● **What you have to do**:
When the line containing "Chanel Chanel Vanity" is found in the data below, give it again along with every later line, exactly; drop the pictures.

● **Input data**:
========================================

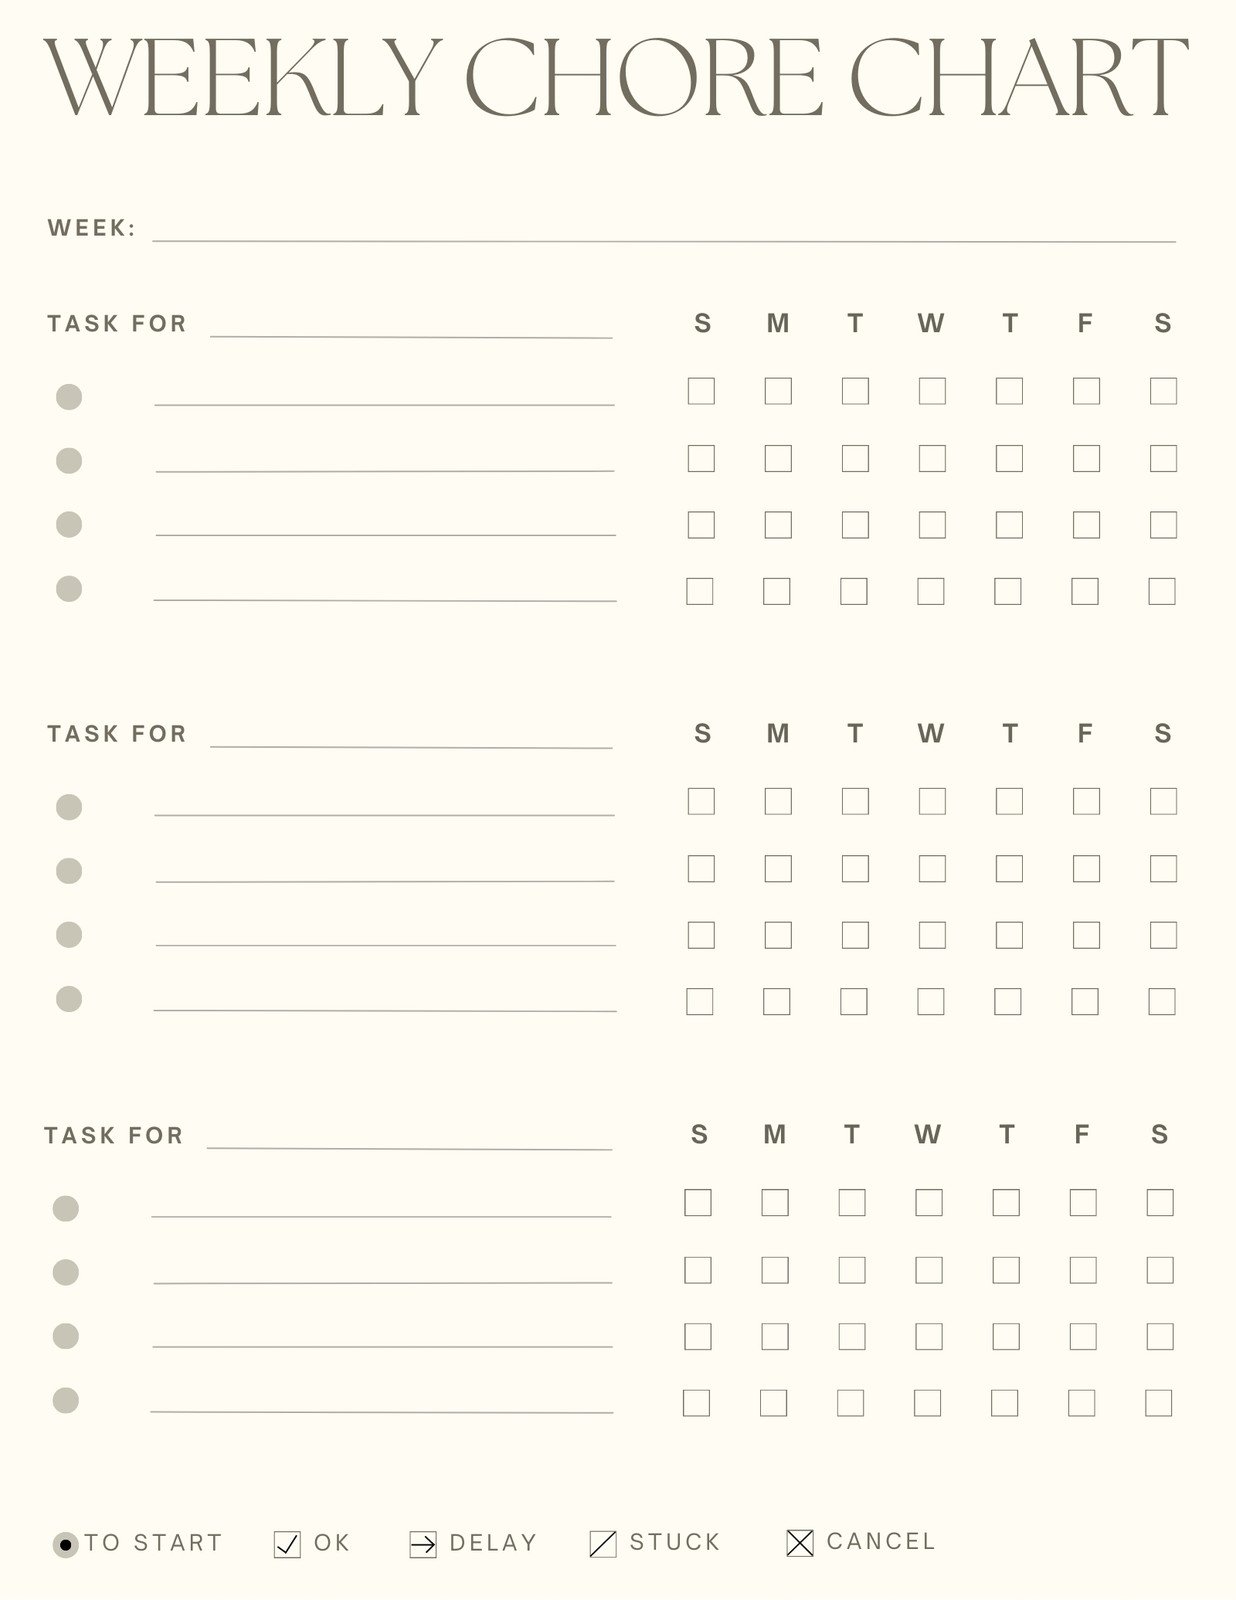 FREE chore chart template
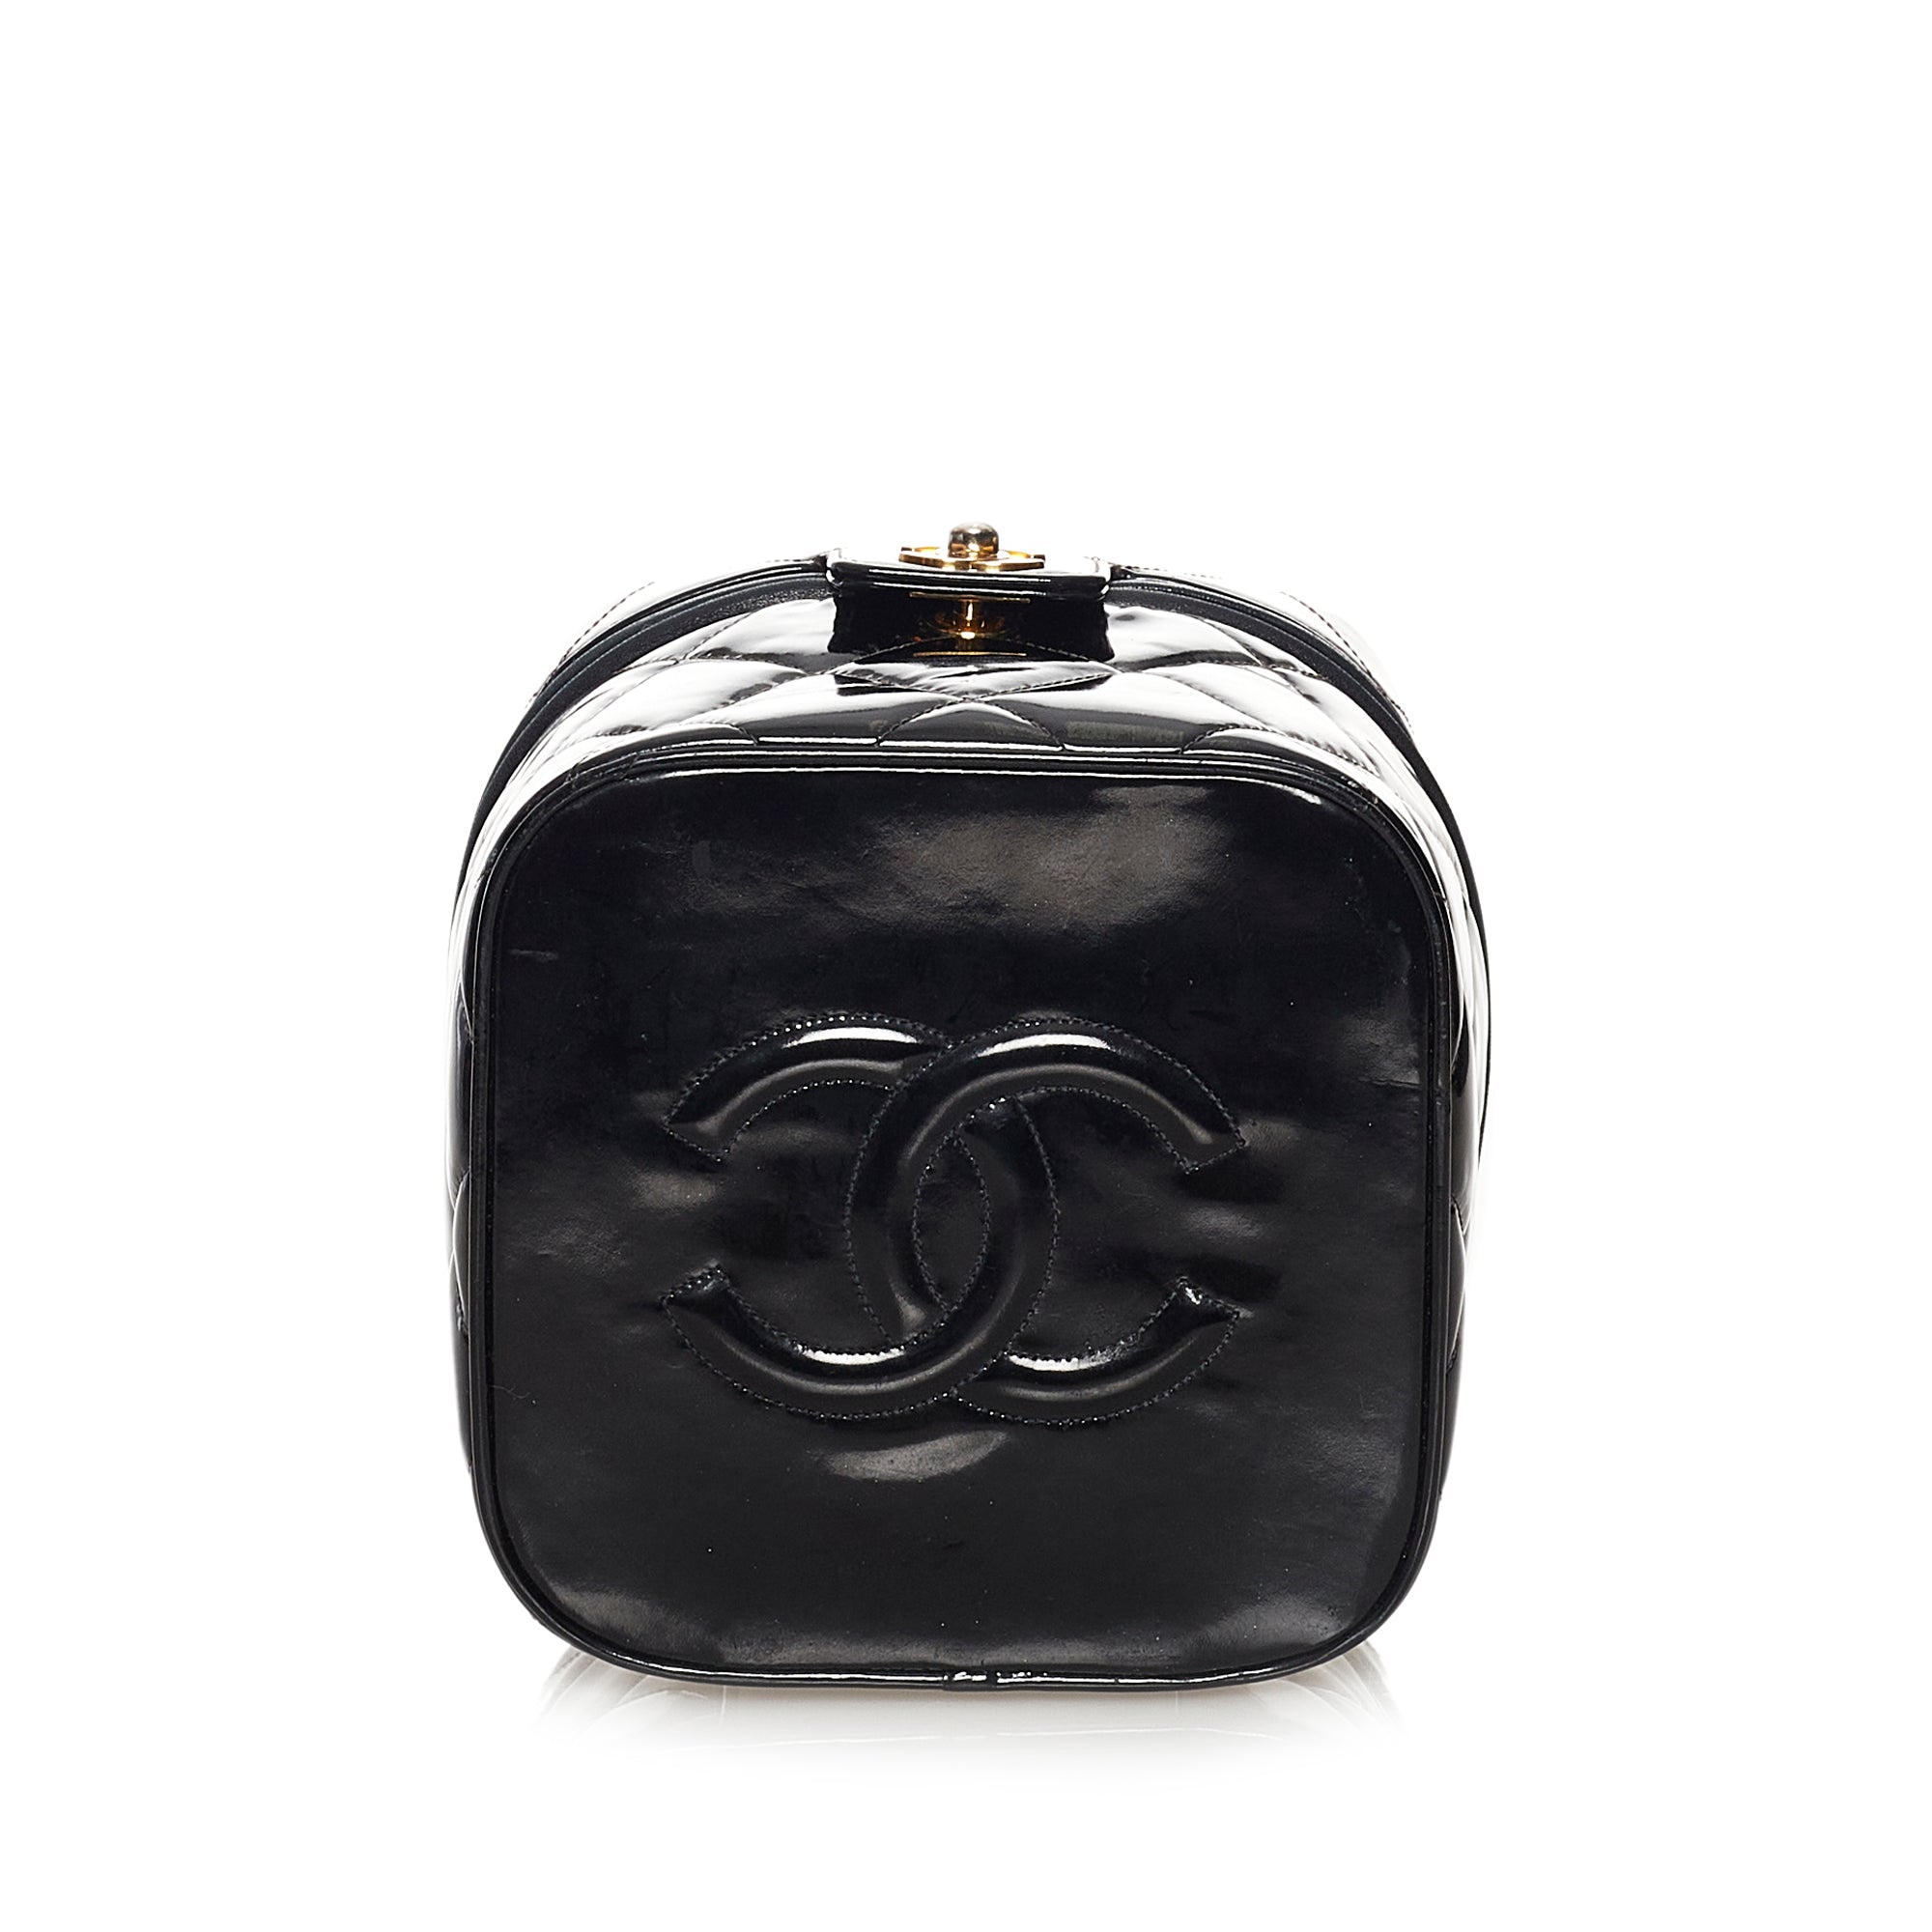 Chanel Chanel Vanity shoulder bag in patent matelassé leather
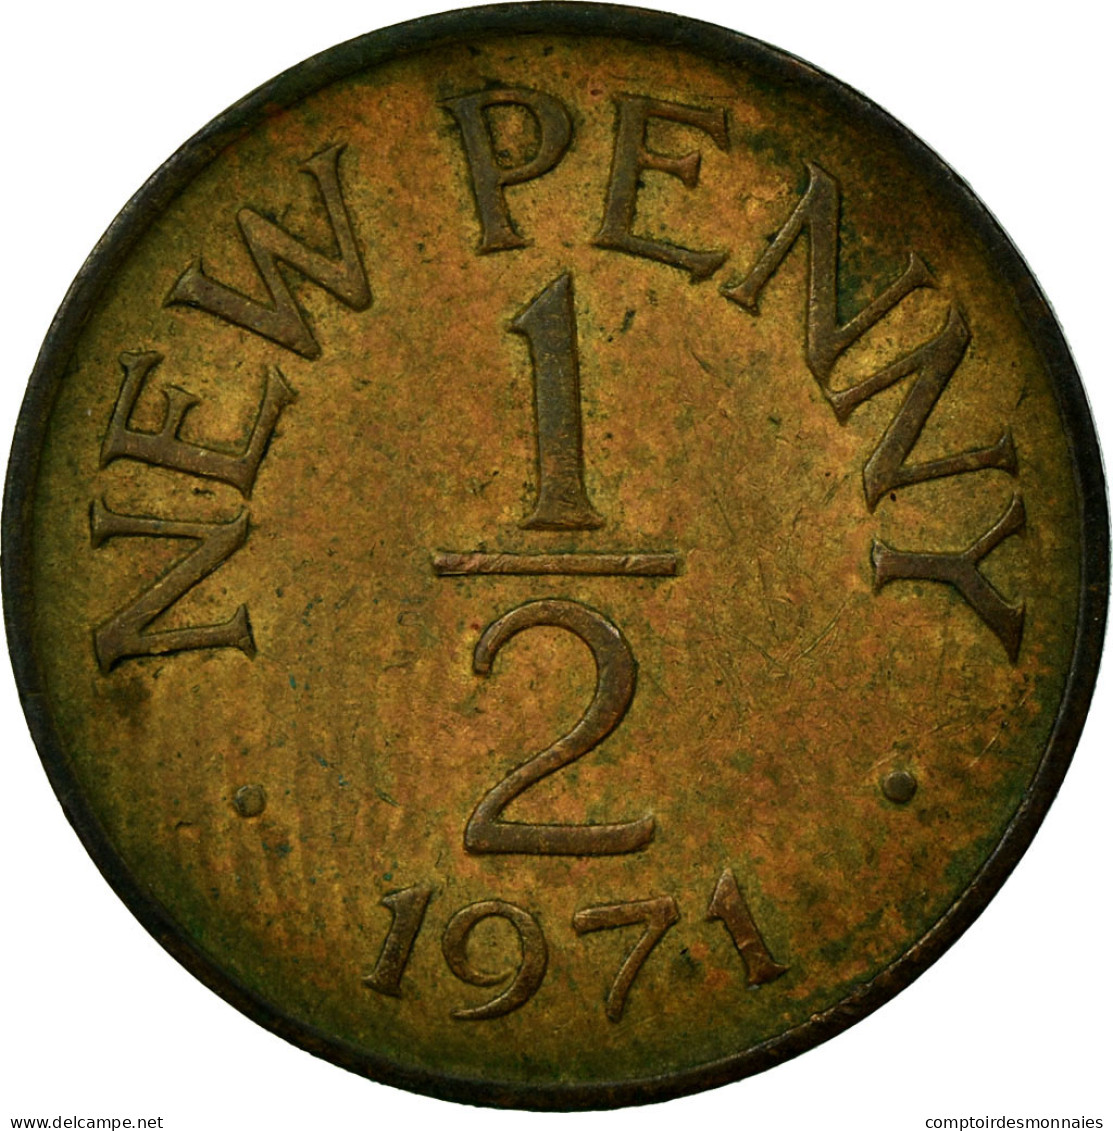 Monnaie, Guernsey, Elizabeth II, 1/2 New Penny, 1971, TTB, Bronze, KM:20 - Guernesey

========================================

● **Answer space**:
 Chanel Chanel Vanity shoulder bag in patent matelassé leather
 Monnaie, Guernsey, Elizabeth II, 1/2 New Penny, 1971, TTB, Bronze, KM:20 - Guernesey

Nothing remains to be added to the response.